The problem is that most of these claims are empty promises, based on old results or validated by poorly constructed tests. Case in point: many vendors claim that a positive change from a pre- to a post-test after using their solutions is evidence of its effectiveness. What they fail to recognize is that without a proper control group (a test group that takes the same tests, but does not participate in the learning experience) it is almost impossible to draw definitive results from pre- and post-testing alone.
We can’t necessarily blame our industry brethren for this oversight, given that few of them have been schooled in experimental research and design. Therefore, the notion of control groups is likely new to them. What’s more, perhaps I’m merely expressing my latent frustration over having to spend more than four years in graduate school learning the ins and outs of experimental design and statistics.
The fact of the matter is, though, that talent management firms or training suppliers shouldn’t make claims about stellar results unless the proper controls for all the varied factors are in place. Often, this requires spending extensive time, resources, and effort on data collection. Sadly, this is time and resources that aren’t always easily available.
Again, let’s consider the control group idea. Quite frankly, it can become overly complicated to “control” all the potentially intervening—and interfering—variables when doing real-world research. Let us not forget that working with real people is not like controlled experiments with rats in a laboratory. Nevertheless, this isn’t a suitable excuse for either not conducting any validation research or relying on poorly constructed experimentation.
Don’t agree with me? Let’s dig even deeper into vendor validity claims for talent selection inventories. While it may be true that significant correlations can be achieved and reported (with very small coefficients and very large test populations), these correlations typically account for a relatively insignificant or miniscule amount of variability in the prediction process.
For instance, even a statistically significant .25 correlation of an assessment tool with some measure of on-job performance accounts for just 6 percent of the 100 percent potential variance of ALL factors that can contribute to a perfect correlation. Consequently, suggesting a that specific inventory is an effective predictor of job performance is like saying that two people looking for love, who match up extremely well on a personality inventory, are going to get married. It is certainly possible, but the chances are very slim based on this one measure.
Instead, I believe that every buyer should act like they are from the “show me” state of Missouri. They need to demand that vendors show them exactly how a learning or performance solution (whether it is a selection instrument, a training program, or a developmental inventory), does what it says it does. More importantly, the vendor needs to have plenty of validated data to back-up their claims.
Conversely, it behooves talent management firms to make sure the claims they make about their products and services are actually validated. In fact, if proper validation research has not been conducted, it is certainly better to admit that—and let the client purchase on face value–than to unprofessionally make false or uneducated claims of effectiveness.

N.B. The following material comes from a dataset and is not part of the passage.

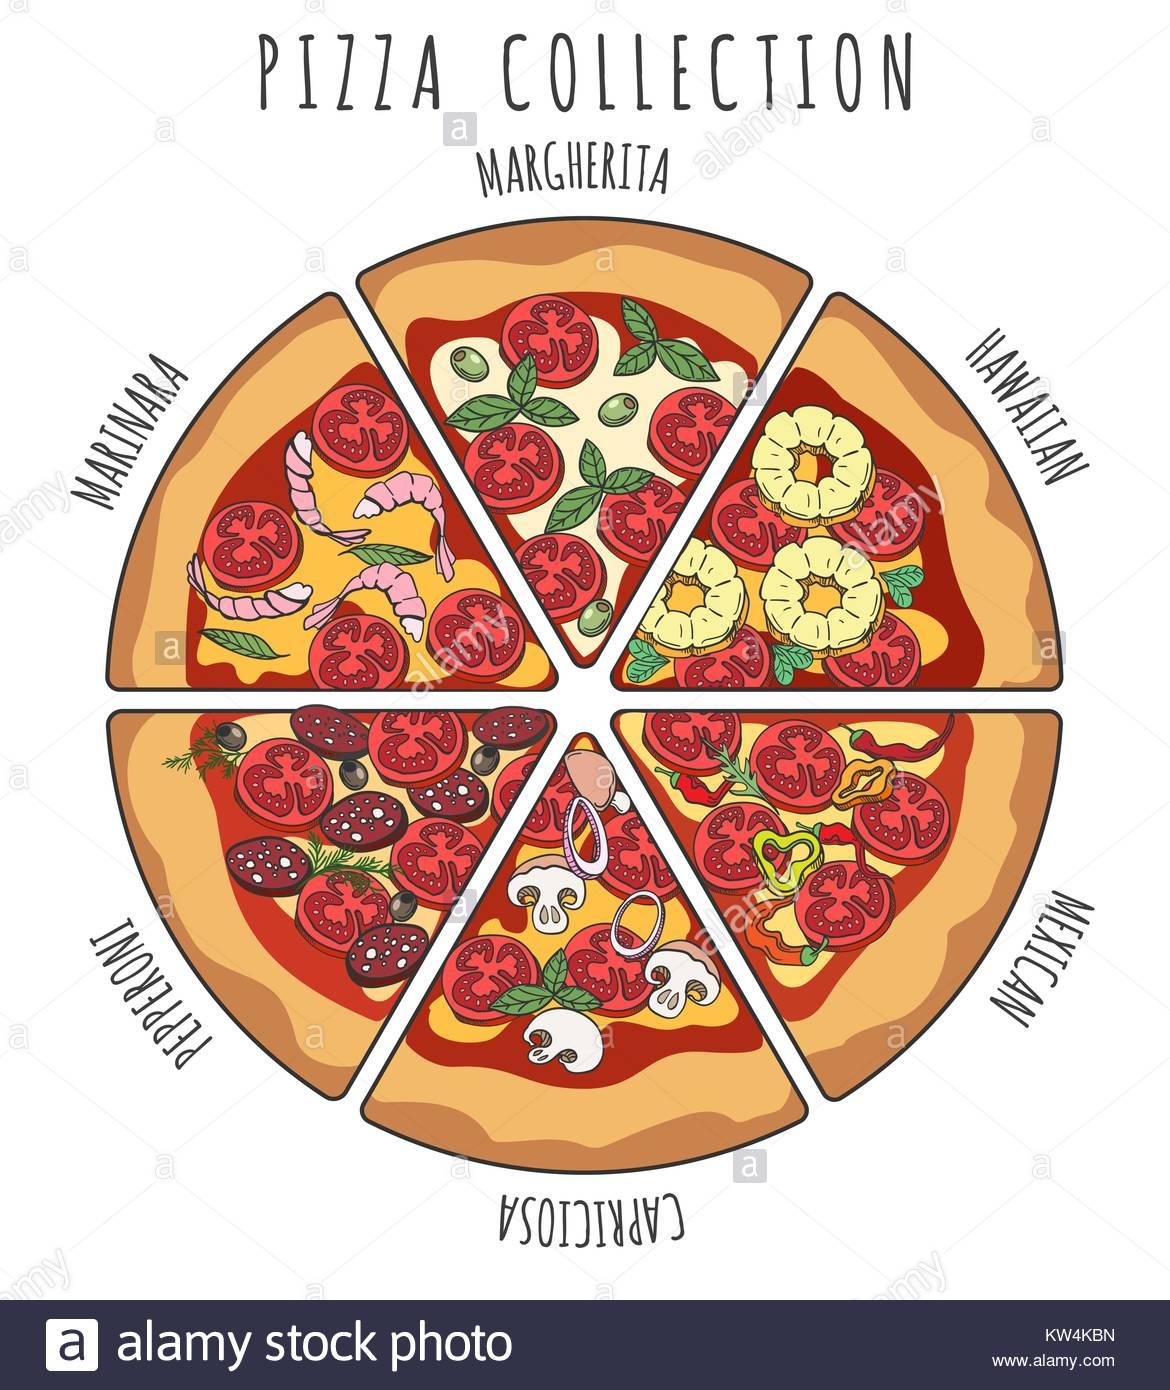 1170x1390 Pizza Slice Collection. Margherita Pepperoni, Hawaiian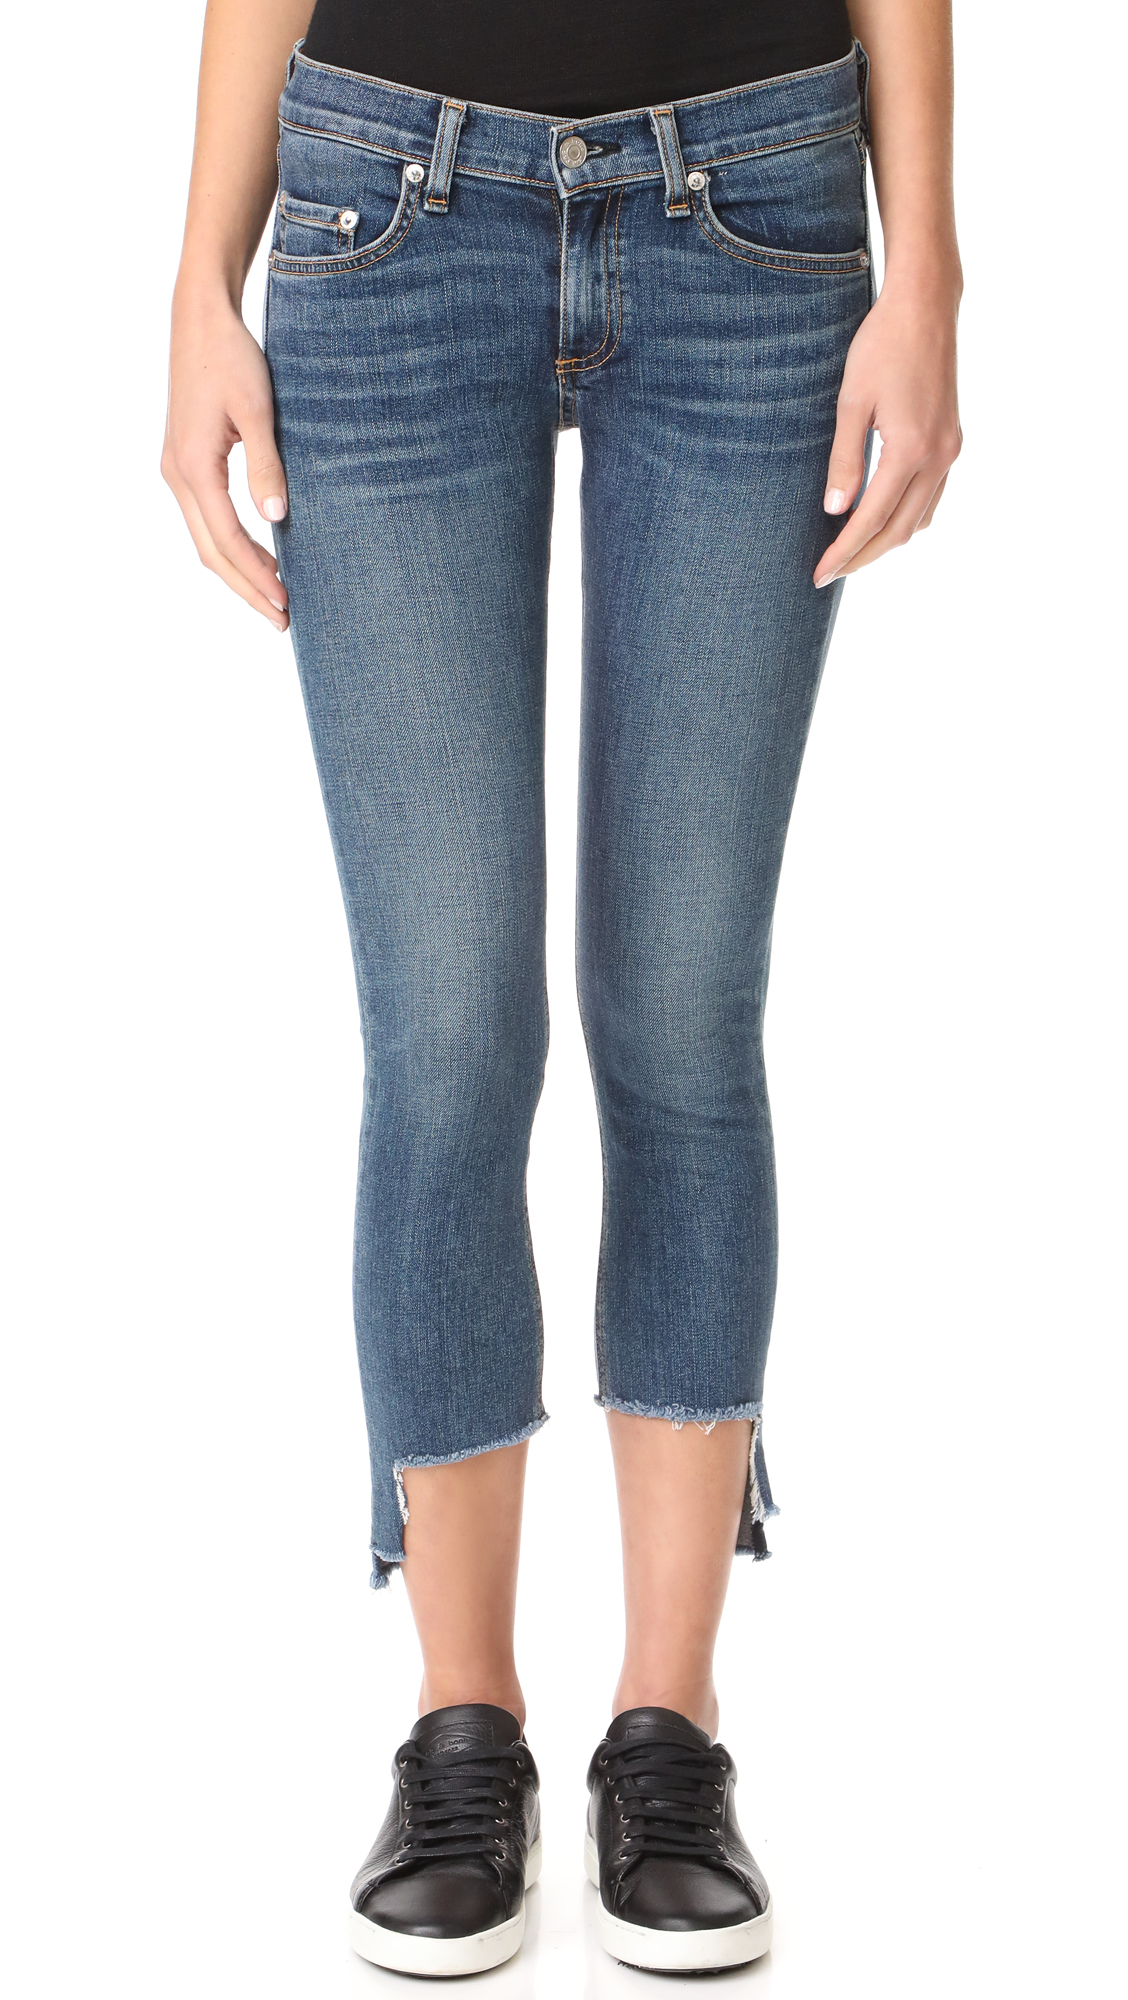 Rag & Bone/JEAN Capri Jeans - Hampton

To be sure, knowingly making false claims isn’t a widespread practice in the talent management industry. Rather, claims are based on inadequate data. The problem does occur often enough, however, that talent firms should be aware of the issue—if for no other reason than to challenge clients to clearly understand the difference between valid and invalid claims when evaluating a potential purchase. After all, it takes only one rotten apple to spoil the entire barrel. And, as guardians of our industry, it is our responsibility to oversee that bogus claims do not go unchallenged.
All of this leads to a few questions: If you are a leader of a talent management firm, have you thoroughly validated your effectiveness claims? Are there experiments that should include control groups to more clearly demonstrate their effectiveness? Lastly, would you put your claims up to the test of the courts if you were sued for false representation?